- **TASK DETAILS**
Output the full listing below exactly, without the pictures.

[[ COLLECTED DATA open ]]

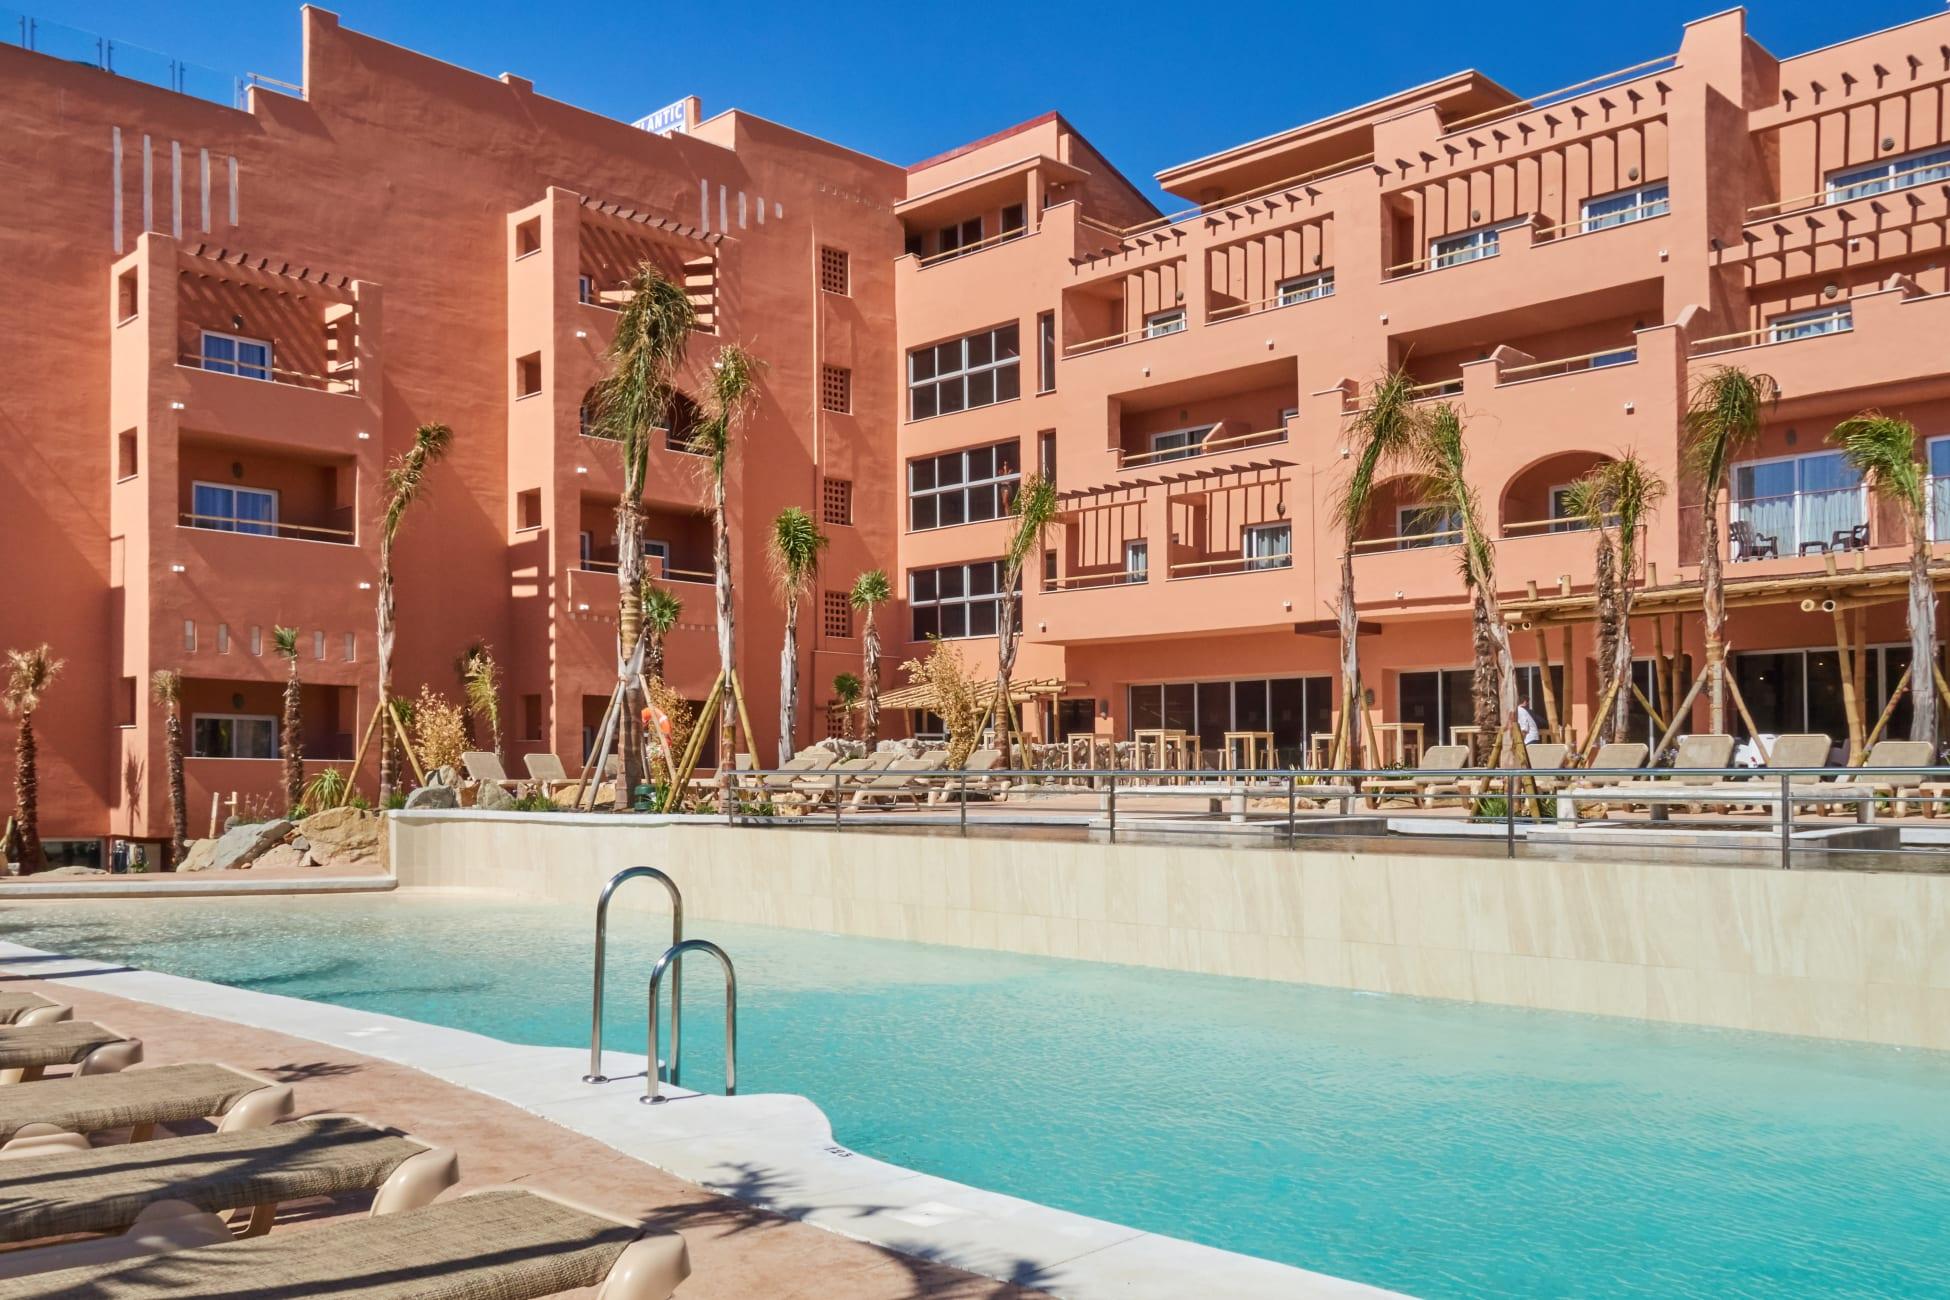 Hotel The Tarifa Lances
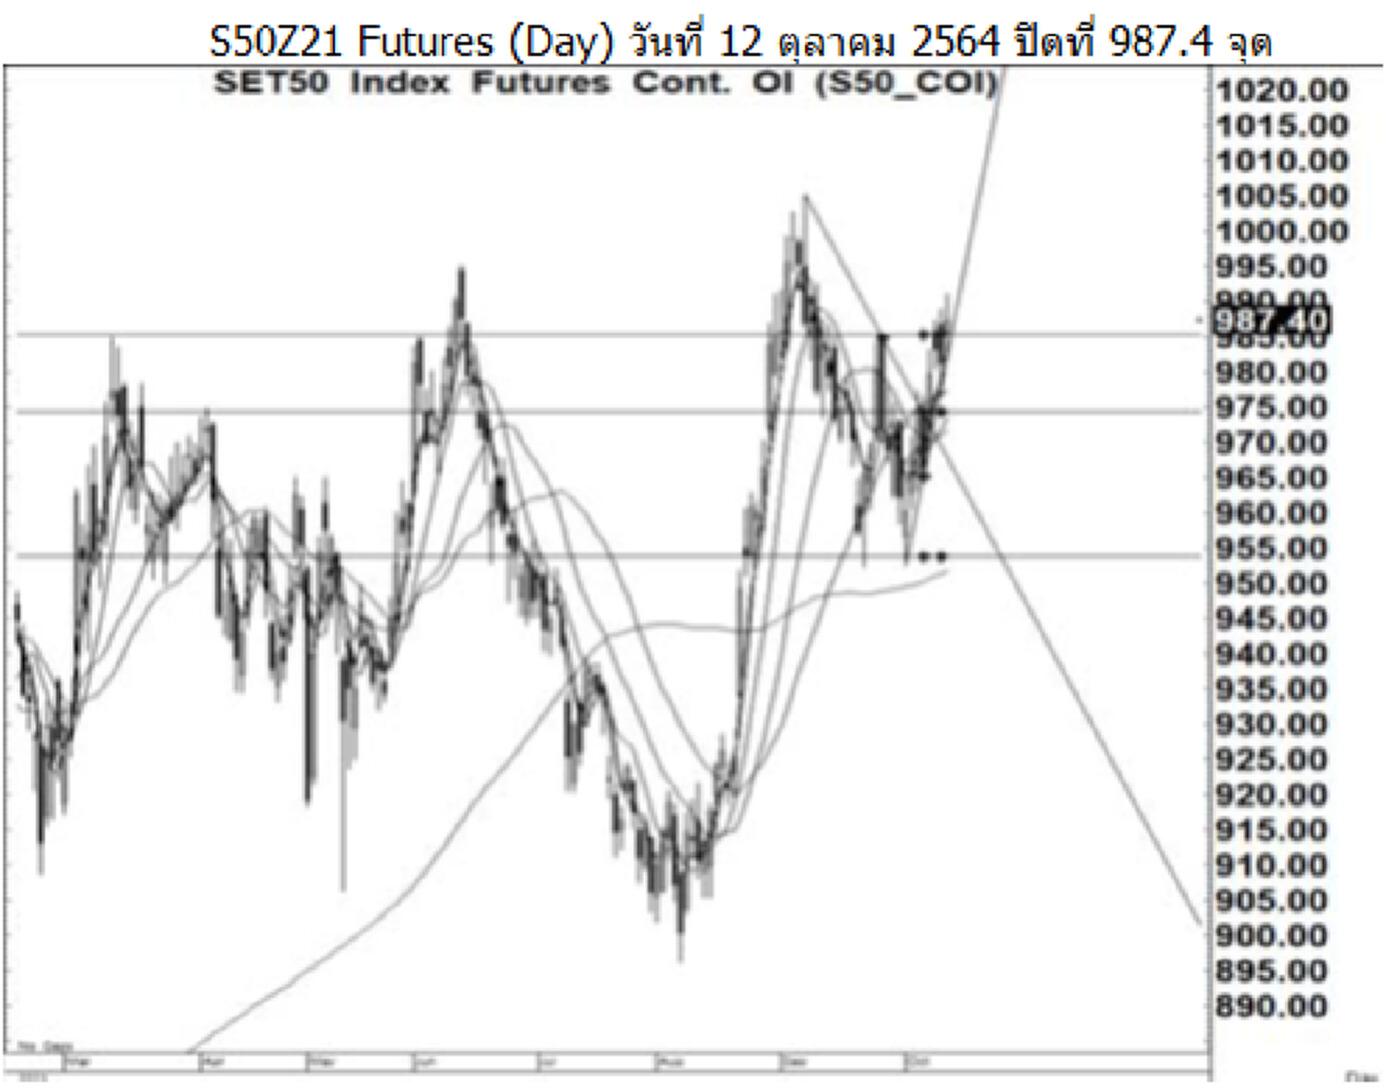 Daily SET50 Futures (วันที่ 14 ตุลาคม 2564)
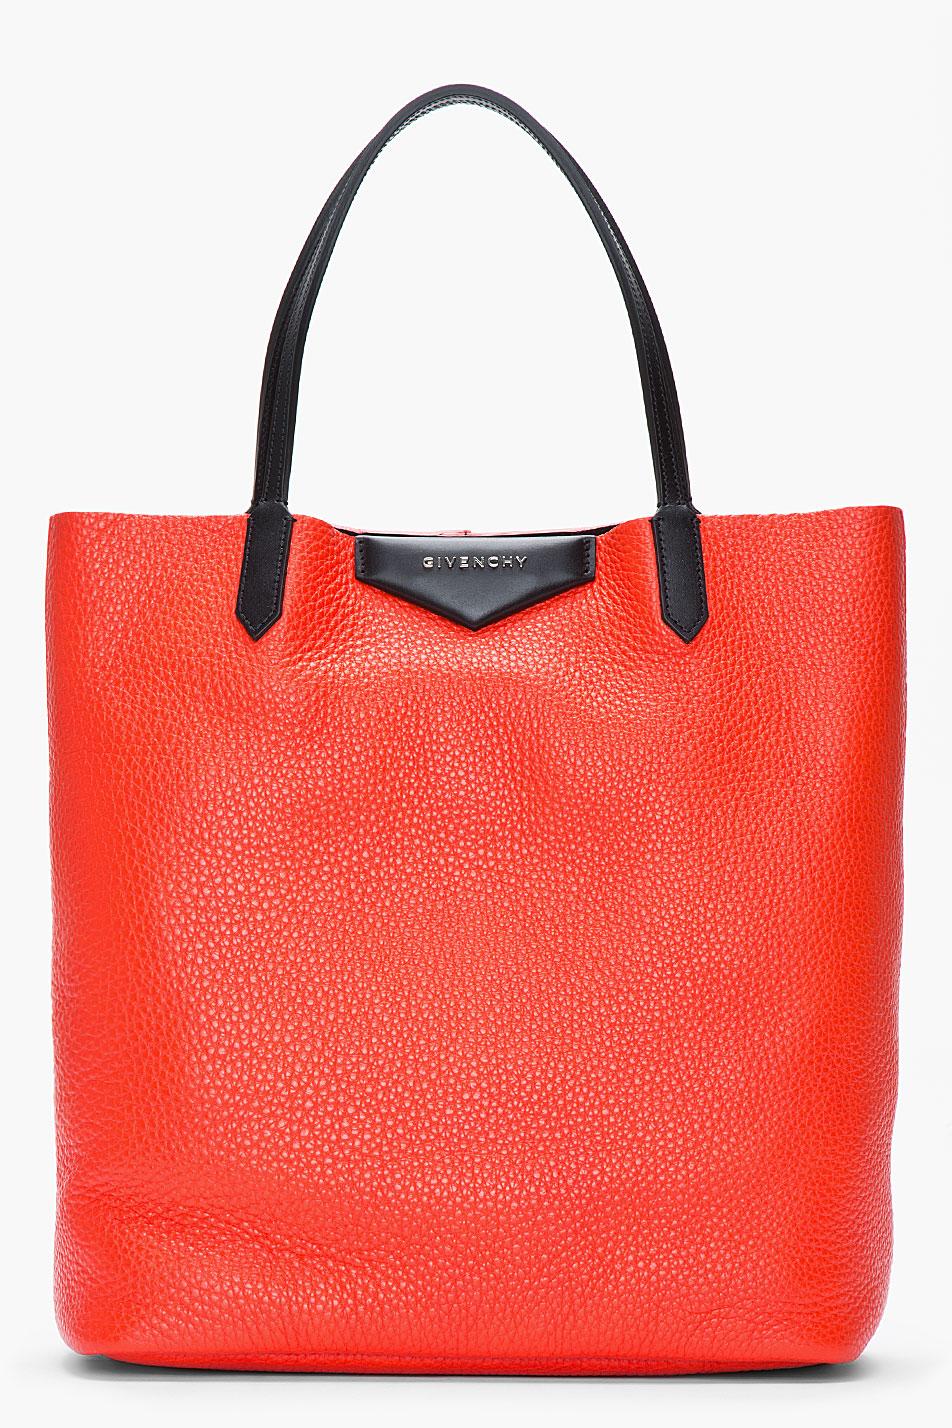 Lyst - Givenchy Poppy Red Pebbled Leather Vertical Antigona Shopper ... f06f7118441c

[[ COLLECTED DATA closed ]]

- **TASK RESULT**
 Hotel The Tarifa Lances
 Daily SET50 Futures (วันที่ 14 ตุลาคม 2564)
 Lyst - Givenchy Poppy Red Pebbled Leather Vertical Antigona Shopper ... f06f7118441c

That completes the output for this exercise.